An Introduction to Mortgages (small business marketing)

By Richie Lindsay

  Mortgages were the original home loan agreement. In many ways, the mortgage changed the real estate market completely and turned it on its head in a very good way. Before the advent of the mortgage, the only way for people to go out and get what they wanted in terms of property was to pay for it outright. Since very few people possessed the means back then to pay for property outright, the ownership rights were only there for pretty much the upper middle class and the upper class people; the middle class downwards were excluded from this very important thing. Mortgages changed all of that and to understand how profound a mortgage is, it is important to take a close look at exactly what a mortgage entails.

Agreement

The agreement for a mortgage is one that is the main point of everything else that follows. Under the agreement of a typical mortgage, the person has the ability to borrow money from the bank in order to pay for a house or a property. The amount of money they can borrow varies, but for the majority of banks it usually resolves itself towards being around 95% of the actual quoted value of the house.

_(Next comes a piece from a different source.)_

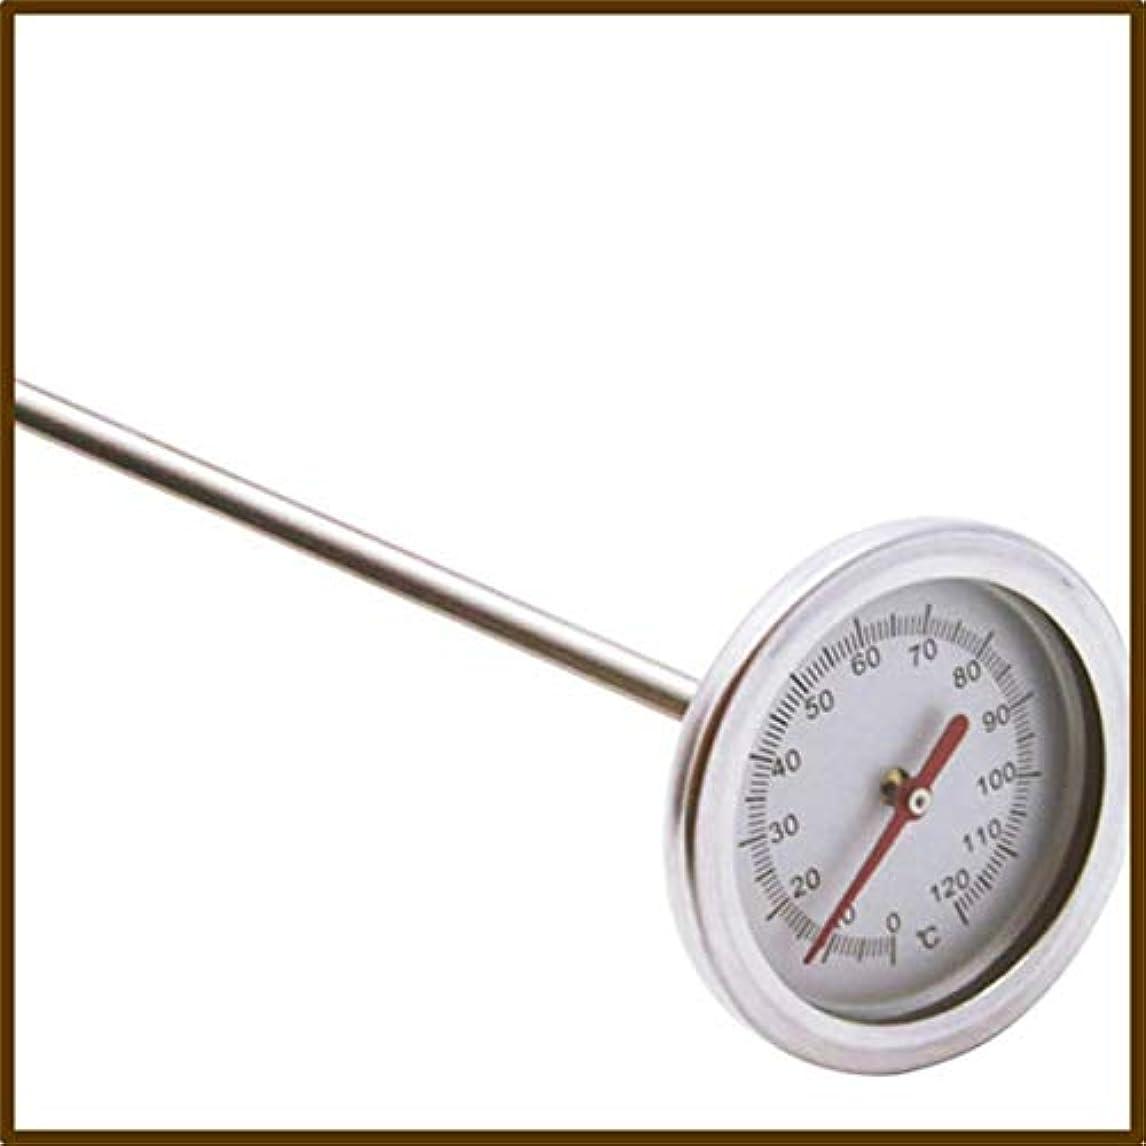 庭園頼むうなるSaikogoods 20インチ50cmの長さ 0℃-120℃ 堆肥の土壌温度計 プローブ検出器の測定プレミアム食品グレードステンレススチール メタル 銀

In exchange for getting this very large loan, the person then agrees to put the house up as collateral against that loan, so that the bank has some way to save itself in the event that the person is unable to pay that loan back.

Interest Rates

Now, whenever people think about loans, very likely the first thing that they think about is interest rates. There are a number of different interest rates involved in different loans, but when you compare the vast majority of them to what is available under a mortgage, what you find is that the vast majority of those interest rates don’t really match up. The average mortgage has an interest rate attached to it between 5% and 7% and the vast majority of loans that are available on the marketplace today, even if they happen to be secured loans, really can’t match up.

Repayment Terms

Just like with the interest rates, the repayment terms for a number of different mortgages are very impressive when put up against a number of other conventional loans. When you’re talking about unsecured loans (i.e. credit cards), then obviously there’s going to be no contest, but for the most part you will find that mortgage repayment terms are significantly easier to deal with than with most other loans. This is because (a) the collateral being used is extremely strong and (b) the term lengths are longer, so naturally that makes the monthly payments smaller.

Fees

There are some fees for mortgage payments relating to things like late payments and underpayments, but you will find for the most part that fees are not really that important in the grand scheme of the agreement itself. It is important to be aware of what fees are there, but most of the time you will see that they aren’t that big.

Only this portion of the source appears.